Parthenon

Amphitheaters are pretty solid. I can see giving either a free amphitheater or a free temple as an added bonus for the building. Or perhaps making the Parthenon grant all Temples and Amphitheaters +1 Culture in your empire. Benefits wide, but requires investment to do so.
I would support +1 culture all amphitheaters. Temples are really heavily buffed by Piety, so I would rather not have the Parth buff them too. (wedon't want Piety to always follow Progress)
 
I would support +1 culture all amphitheaters. Temples are really heavily buffed by Piety, so I would rather not have the Parth buff them too. (wedon't want Piety to always follow Progress)
That's a good point. Could make it just amphitheaters, but also give a free one.
 
I should also point out that you are the only one in this entire discussion to vote against buffing the Parthenon. If only one person thinks its good enough, but many others don't, then that should say something. I'm not trying to invalidate your opinion, but am saying there is a clear majority.
I'm sorry, but when did this vote occur?


I think people here do underestimate how powerful 8 flat tourism per turn actually is, probably a bi-product of the belief that tourism-victory can only be done by going tradition->aesthetics. I also really think that people overestimate how long time it will get to gather your next great work of art, I mean you can get one 2 policies into either Piety or Aesthetics or you could use that free GP event to take one, even if that usually procs before you actually finish the Parthenon.
 
I'm sorry, but when did this vote occur?


I think people here do underestimate how powerful 8 flat tourism per turn actually is, probably a bi-product of the belief that tourism-victory can only be done by going tradition->aesthetics. I also really think that people overestimate how long time it will get to gather your next great work of art, I mean you can get one 2 policies into either Piety or Aesthetics or you could use that free GP event to take one, even if that usually procs before you actually finish the Parthenon.
I mean by vote that out of everyone to comment, you are the only person to disagree. By vote I just mean comment.

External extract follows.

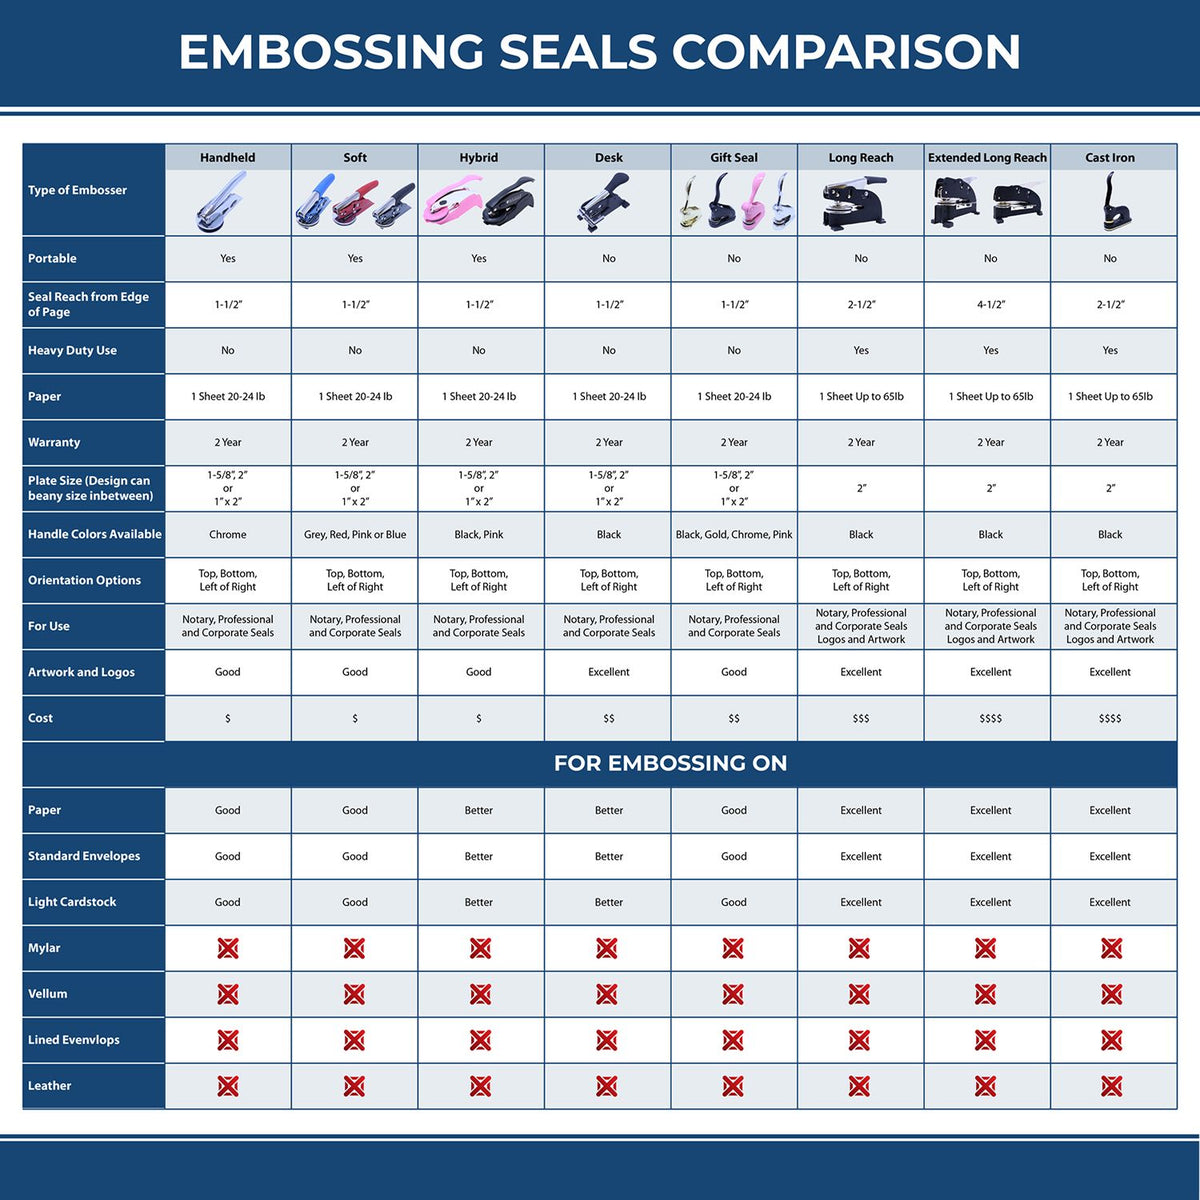 A comparison chart for the different types of mount models available for the State of New Hampshire Extended Long Reach Geologist Seal

The fact of the matter is, people don't go progress for an (intentional) cultural victory. Maybe some people do, but way more often than not, people don't. Regardless of whether people can do it, people don't, because tradition will always suit it better. And as it should, each policy tree shouldn't be optimal for every victory option.

Also, even if you do get that second great work, its still not a very good wonder, and you seem to be the only person to disagree with this.
 
Each of the ancient era policy trees should definitely be viable for every victory-condition.

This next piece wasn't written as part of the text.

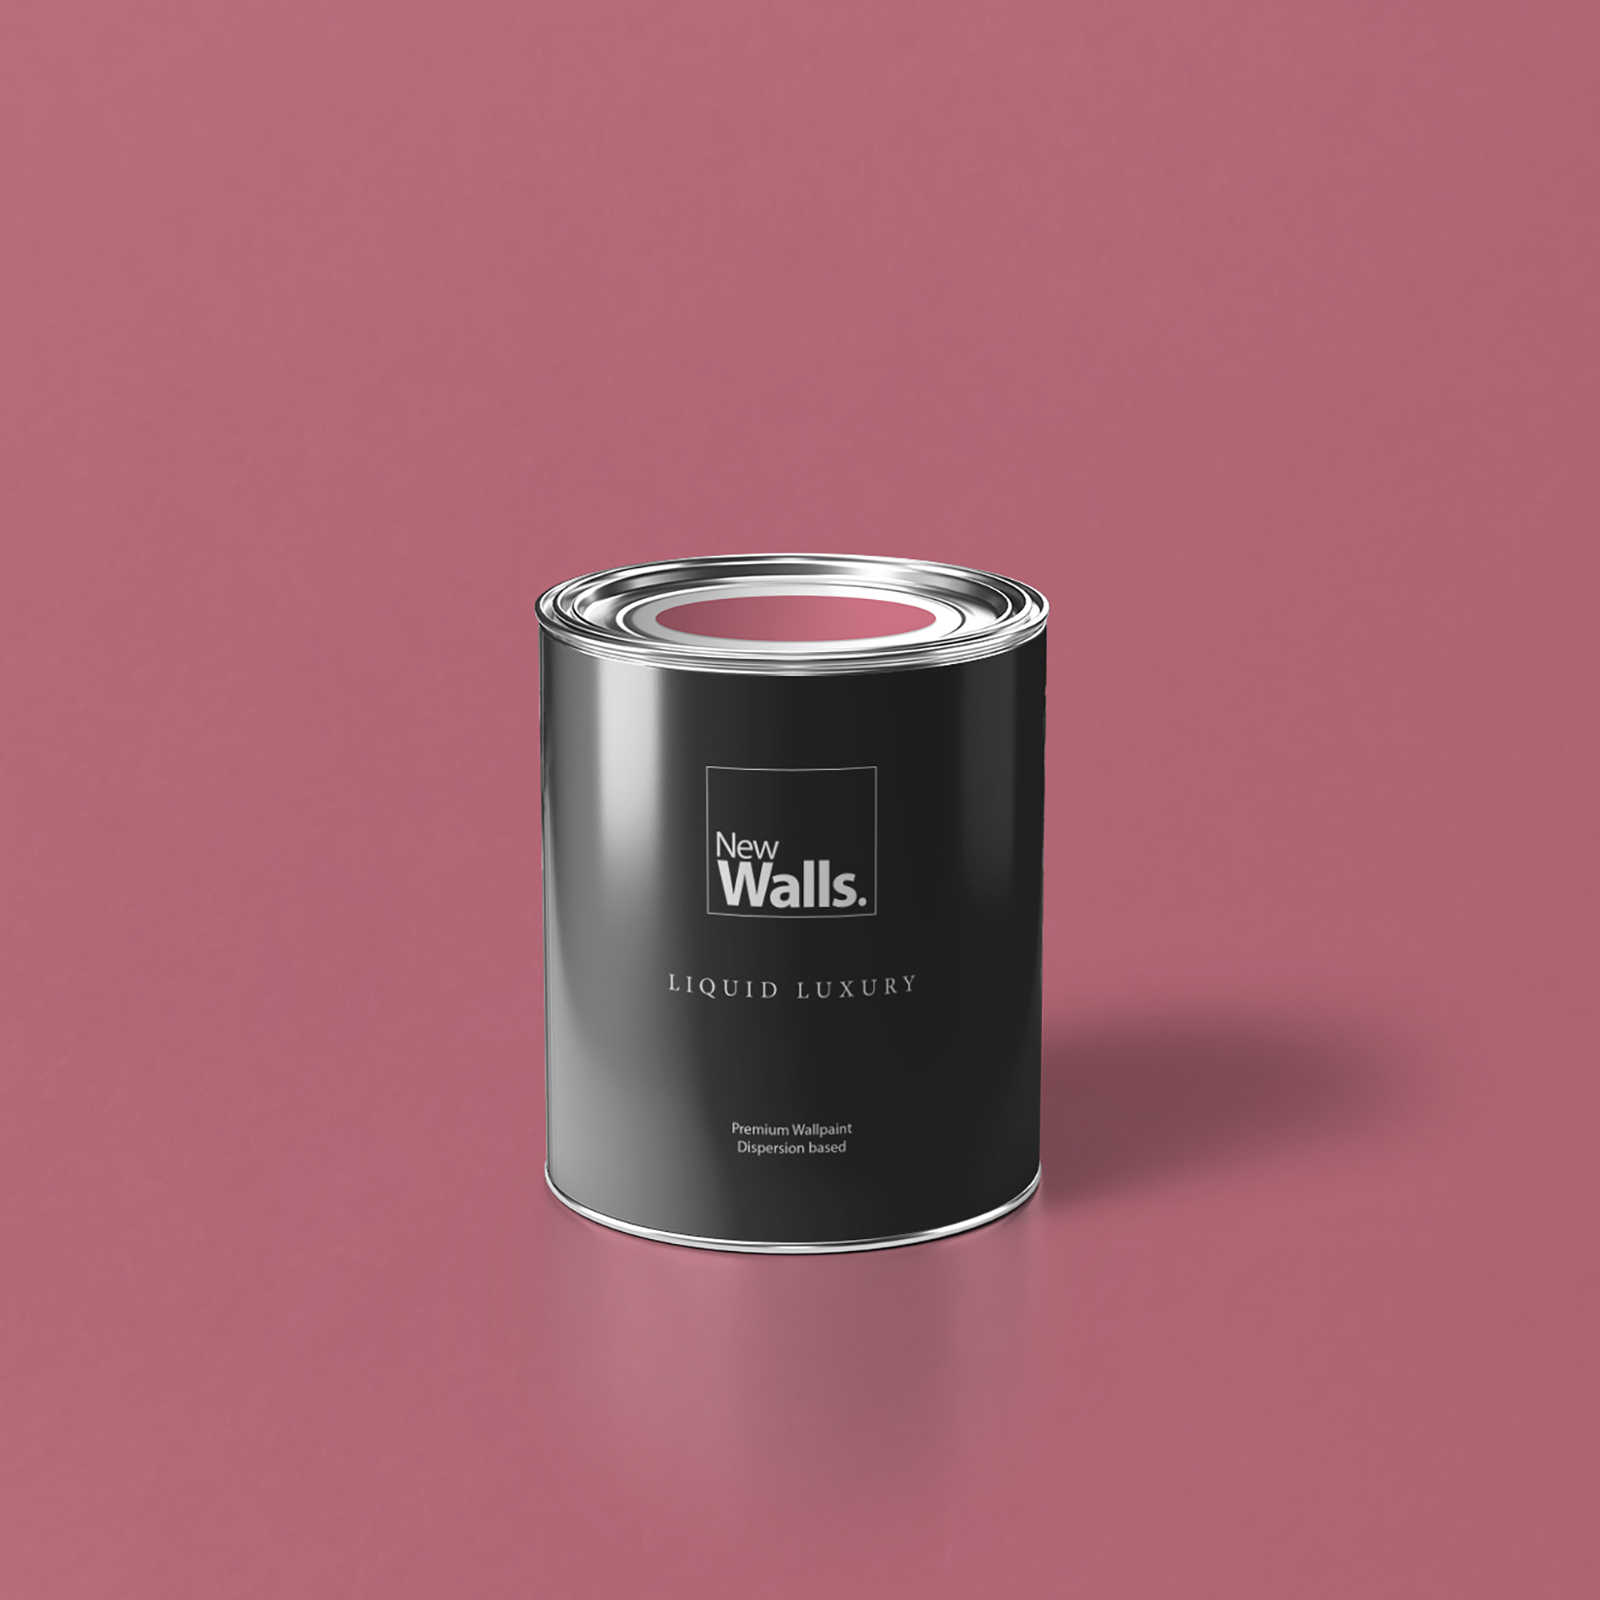         Premium Wall Paint Refreshing Dark Pink »Blooming Blossom« NW1018 – 1 litre

Emphasis on 'viable'. One thing I've noticed is that the ancient era policies often mirror the ideologies you take. So while all the ancient era policies should be viable to achieve victory conditions, they still set bias towards certain wins over others, similar to ideologies.
 
I mean by vote that out of everyone to comment, you are the only person to disagree. By vote I just mean comment.

The fact of the matter is, people don't go progress for an (intentional) cultural victory. Maybe some people do, but way more often than not, people don't. Regardless of whether people can do it, people don't, because tradition will always suit it better. And as it should, each policy tree shouldn't be optimal for every victory option.

Also, even if you do get that second great work, its still not a very good wonder, and you seem to be the only person to disagree with this.
You can certainly go progress for a culture victory, or authority. I find its the 2nd policy tree where you really choose what kind of victory you want to pursue.

With that said, the problem is that the Parthenon is only decent if you choose to pursue tourism, which makes a bad choice for an ancient era policy tree wonder.
 
You can certainly go progress for a culture victory, or authority. I find its the 2nd policy tree where you really choose what kind of victory you want to pursue.

With that said, the problem is that the Parthenon is only decent if you choose to pursue tourism, which makes a bad choice for an ancient era policy tree wonder.
Exactly, the first policy-tree is about how you start your empire, second one is focused on victory-condition and the third on how you want to finish the game. Ideologies are somewhat tuned towards different victory-conditions, but they are mostly a matter of flavor, and how they complement the rest of your choices.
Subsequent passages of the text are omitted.